Расседлав, вычистив и пустив пастись лошадей, вновь прибывшие собрались в лишенной кровли кухне хейма. Дженна, безмолвно стоявшая рядом с Карумом, слышала обрывки рассказов о недавнем сражении. Принц чувствовал себя вполне свободно и участвовал в разговоре, не гнушаясь вольными шутками. Что приключилось с тихим ученым мальчиком, которого Дженна знала так недолго? С ним приключилась война, подумалось ей – и не только это. О том, что в перемене повинны пять прошедших лет, ей не хотелось и думать.

Врага они встретили близ какого-то городка – Карентона, как говорили воины. Численный перевес и неожиданность были за ними. Врагу не на что было надеяться. Кое-кто готов был даже сдаться, но не пощадили никого. Только Медведя взяли живым – Длинный Лук велел доставить его связанным к ногам короля.

Рассказам о злодеяниях Медведя не было конца. Его называли «убийцей тысячи женщин» и «разорителем Бертрамова Приюта», но Дженне во всем этом слышалось невольное восхищение. Вся во власти страшных сказок о Медведе, она вышла и направилась к дереву, где он был привязан, – посмотреть, не отпечаталось ли такое душегубство у него на лице.
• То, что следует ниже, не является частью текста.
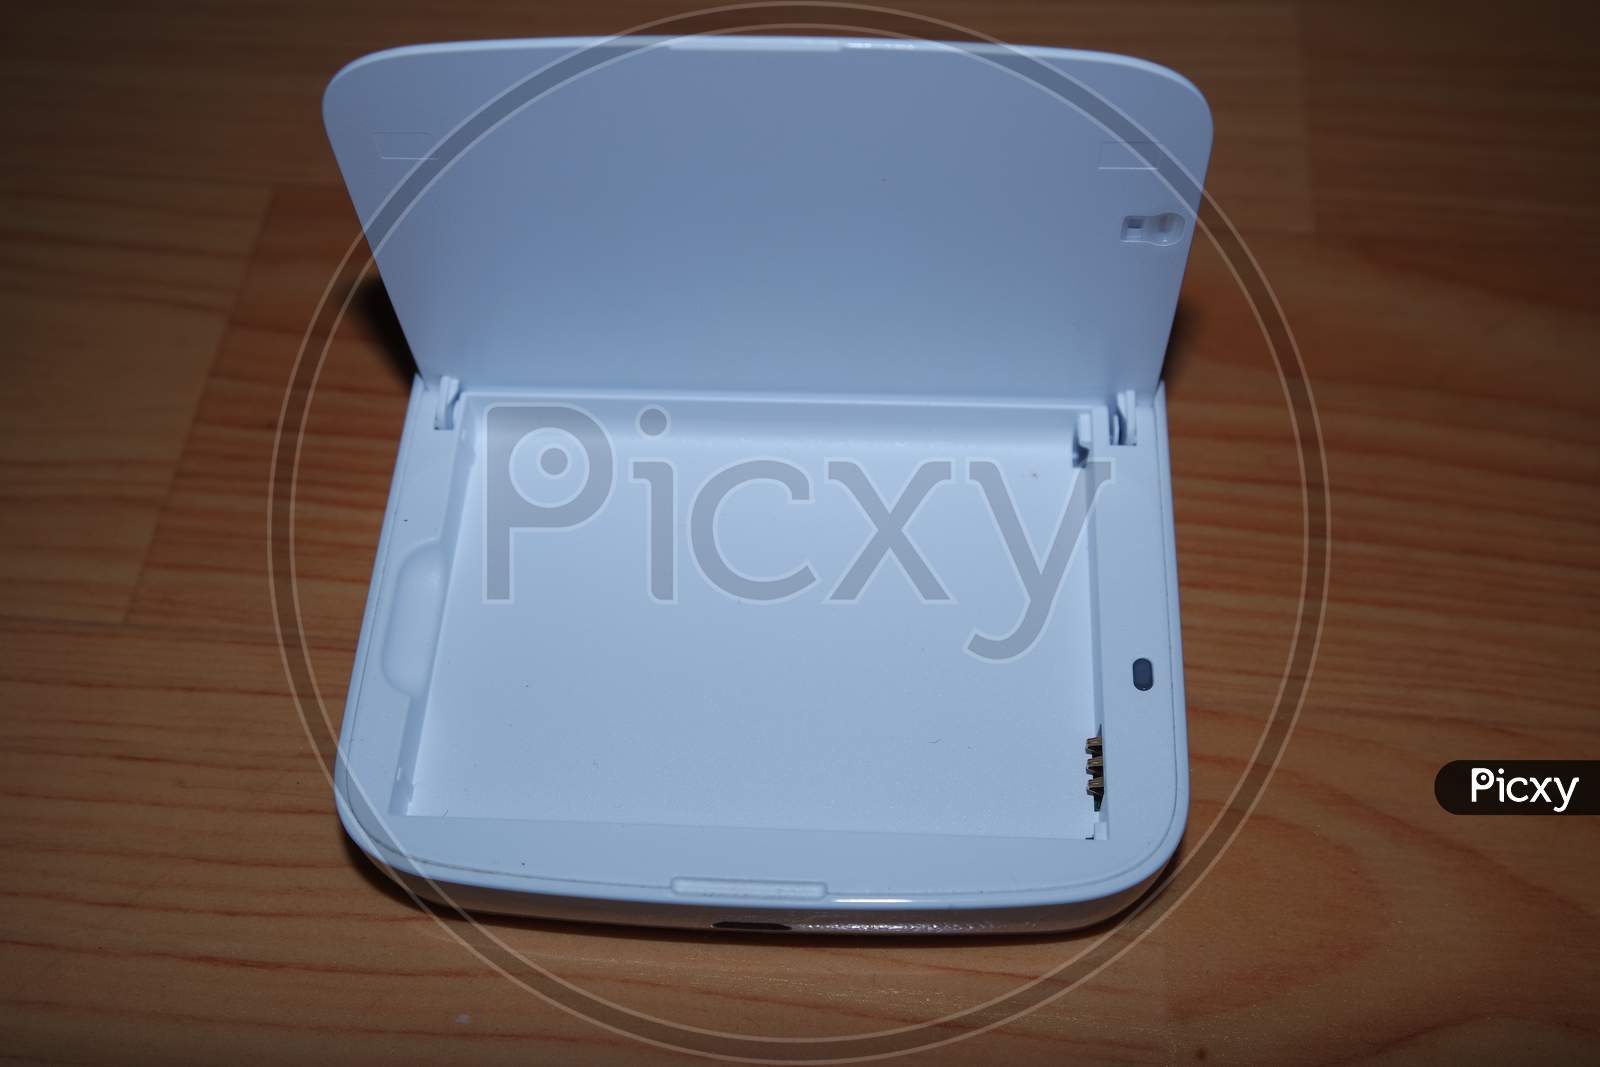 White Colored Battery Charging Box For Electronic Devices Like Mobile Phone

Одна из его кос расплелась, но в остальном он был таким же, как когда сидел на коне. Большой, волосатый, с широкой ухмылкой, он, однако, не больше походил на зверя, чем все мужчины вокруг.
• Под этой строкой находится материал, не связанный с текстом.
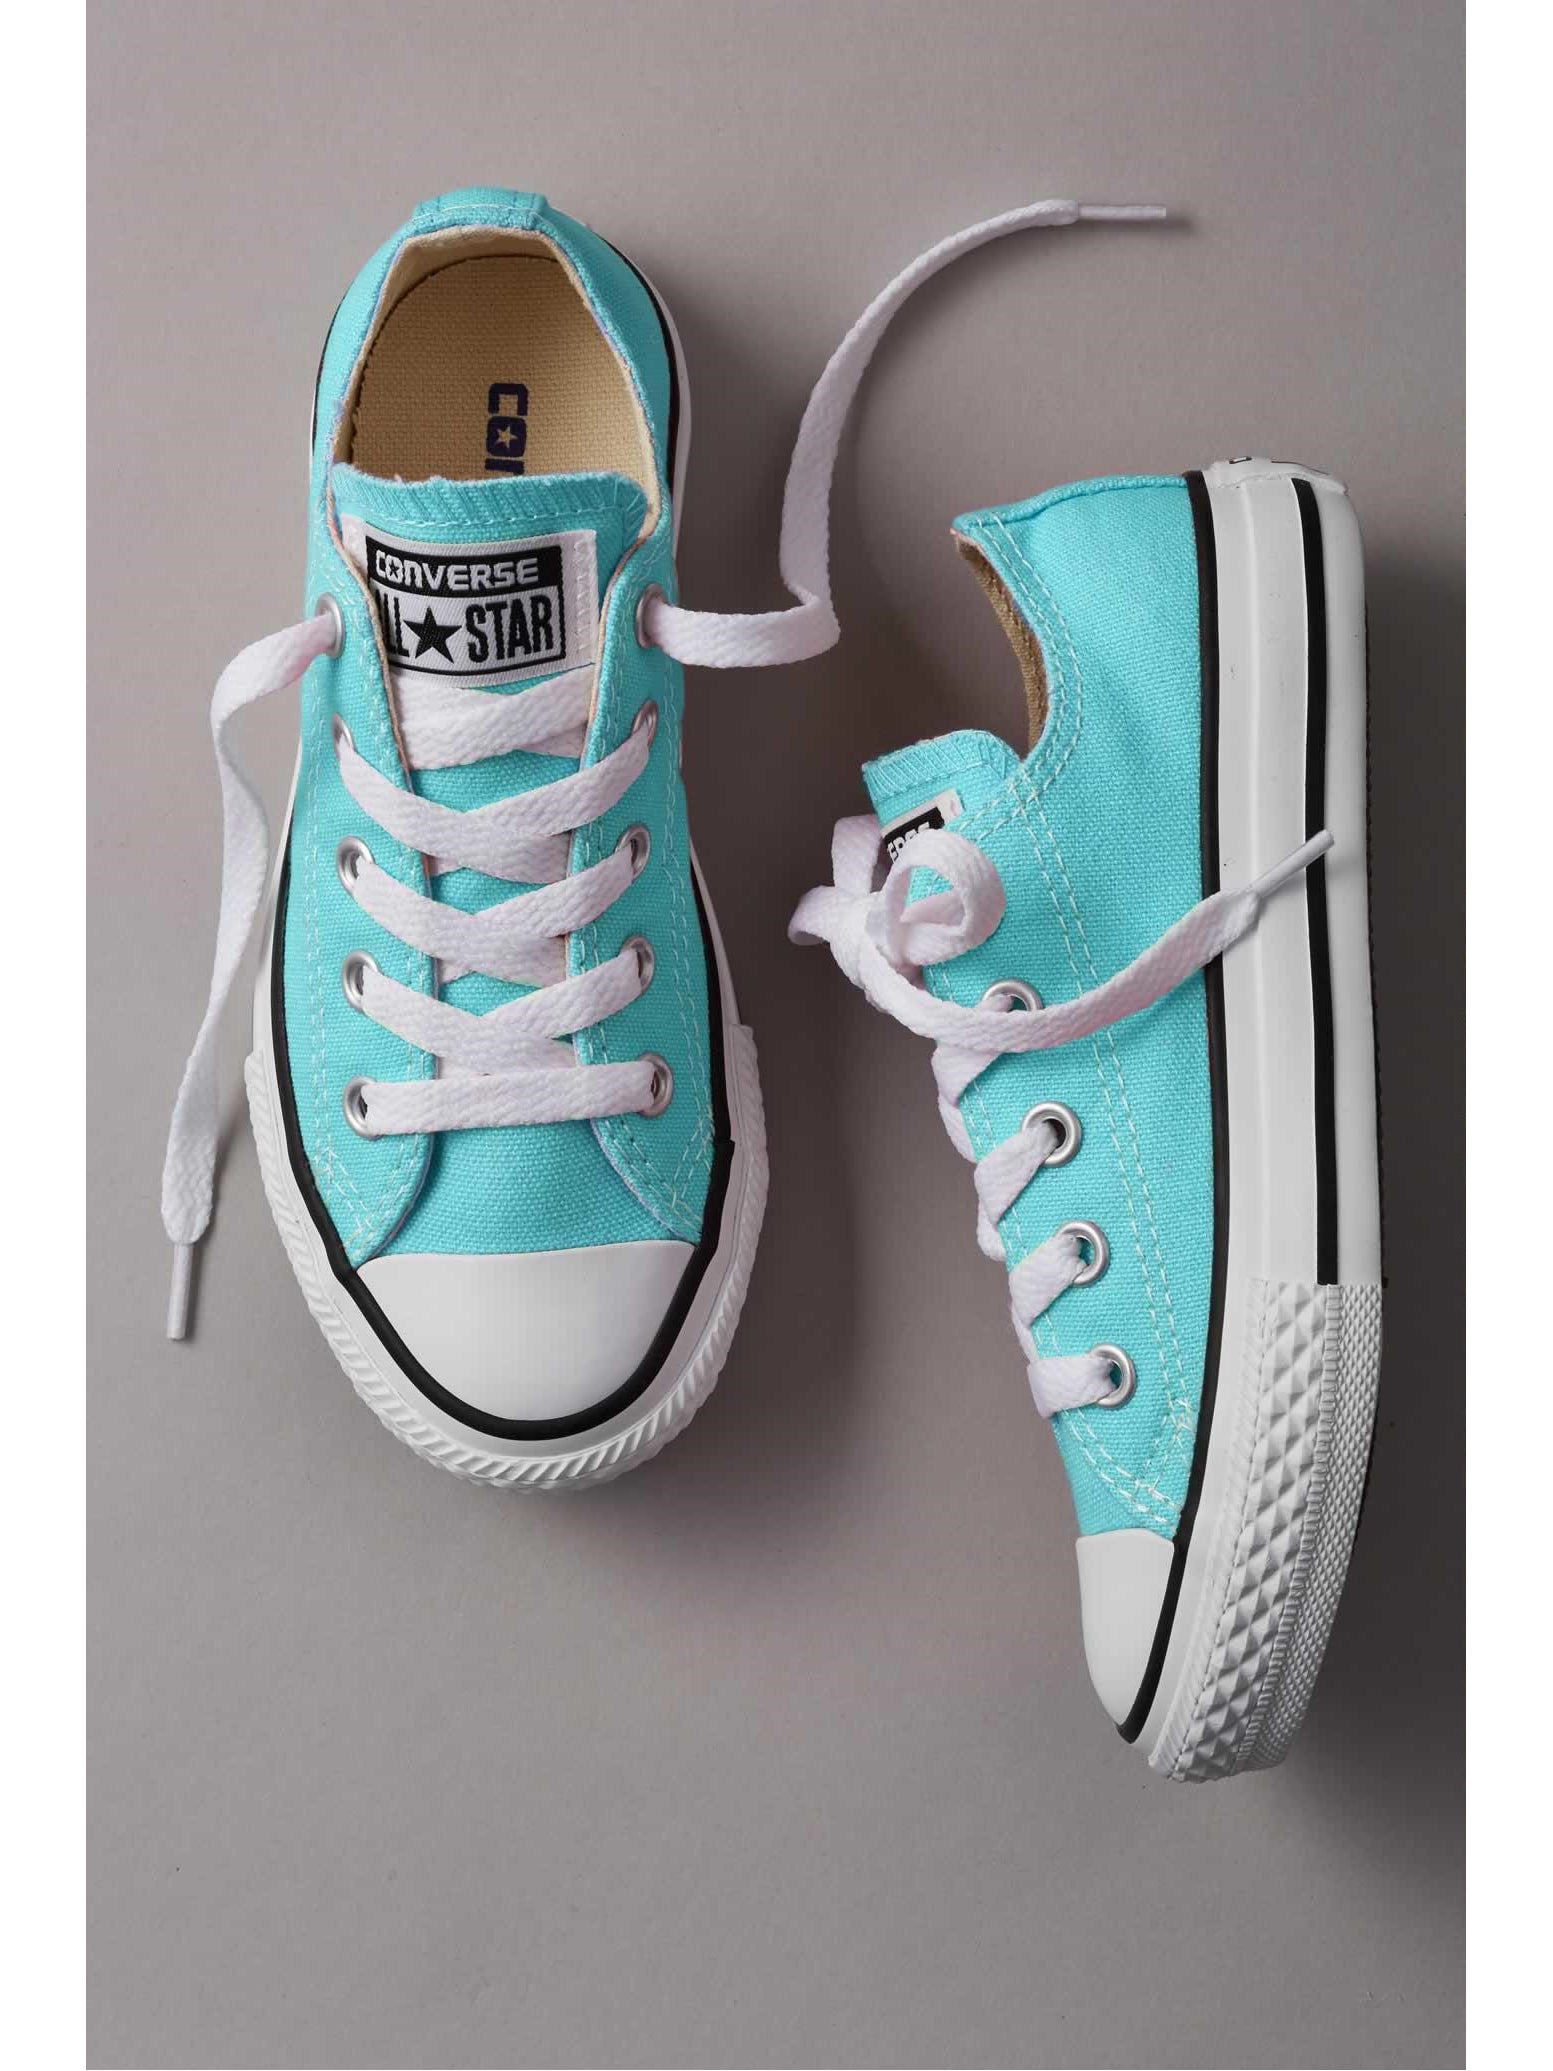 converse turquoise low tops

Его охраняли двое часовых с мечами наголо.

– Ты лучше не подходи к нему близко, – сказал один, вытирая нос рукавом.

– Он большой ловкач, – сказал другой, со шрамом на глазу.
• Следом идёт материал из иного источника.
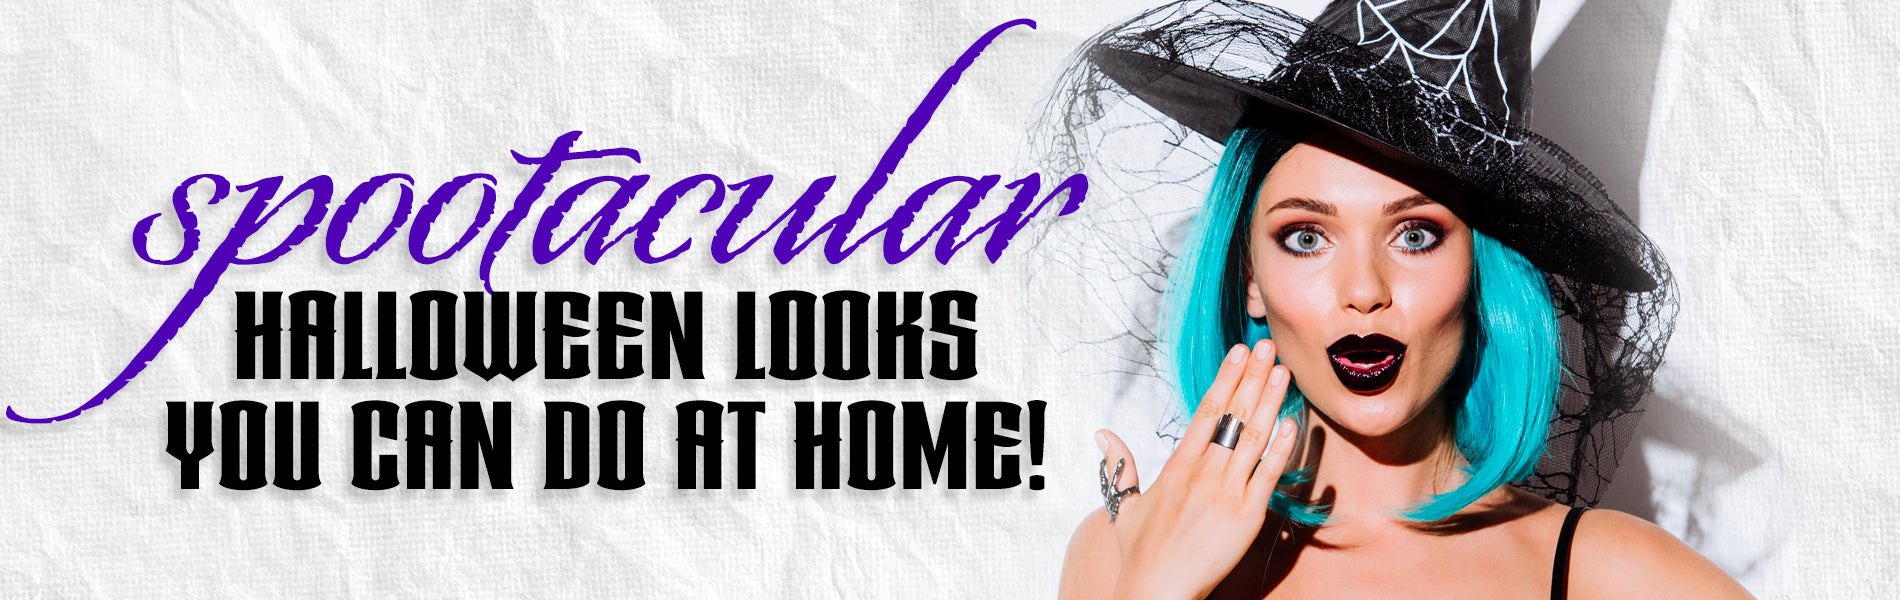 Spooktacular Halloween Looks You Can Do At Home. Woman wearing blue wig and witches hat.

– Да ведь он связан, – заметила Дженна – Что он мне сделает, если не может шевельнуть ни рукой, ни ногой?

Медведь на это разразился громким гоготом и сказал первому часовому

– Она хочет знать, что я с ней сделаю без помощи рук и ног? Может, ты ей скажешь – или мне самому сказать?

Часовой ударил его по лицу так, что разбил губу, и рот Медведя наполнился кровью.

– Не смей говорить так с Белой Девой.

– С Белой Девой?

– Да. Это Анна. Та, что заставила твоих братцев Гончего и Быка склониться перед собой.

Медведь пососал кровоточащую губу и уставился на Дженну, ощерив в ухмылке измазанные кровью зубы.

– Так это ты – та девчонка, что забыла свою куклу у могилы Гончего Пса? Это ты отсекла руку Быку и обрекла его на долгую мучительную смерть от гнилой горячки. Вот, значит, кто ты. Что ж, для тебя я приберегу нечто особенное.

На этот раз его ударил воин со шрамом, и Медведь засмеялся опять.

– Чужая смерть не доставляет мне удовольствия, – сказала Дженна.

– А мне – да. И не только смерть.

Если Дженна надеялась, что ее простят и поймут, то напрасно – не только Медведь, но и часовые смотрели на нее с недоумением.

– Смерть этих двоих была сущим благодеянием, – сказал человек со шрамом.

– Едва ли смерть можно назвать благодеянием. Правду говорит старая пословица: «Убьешь однажды – каяться станешь всегда», – сказала Дженна и пошла прочь.

Медведь проревел ей вслед:

– У нас к этому прибавляют: «Убьешь дважды – не каешься никогда». Я кое-что приберег для тебя – и уж это ты точно будешь помнить всю жизнь.

Дженне померещился звук нового удара и смех, но она не обернулась.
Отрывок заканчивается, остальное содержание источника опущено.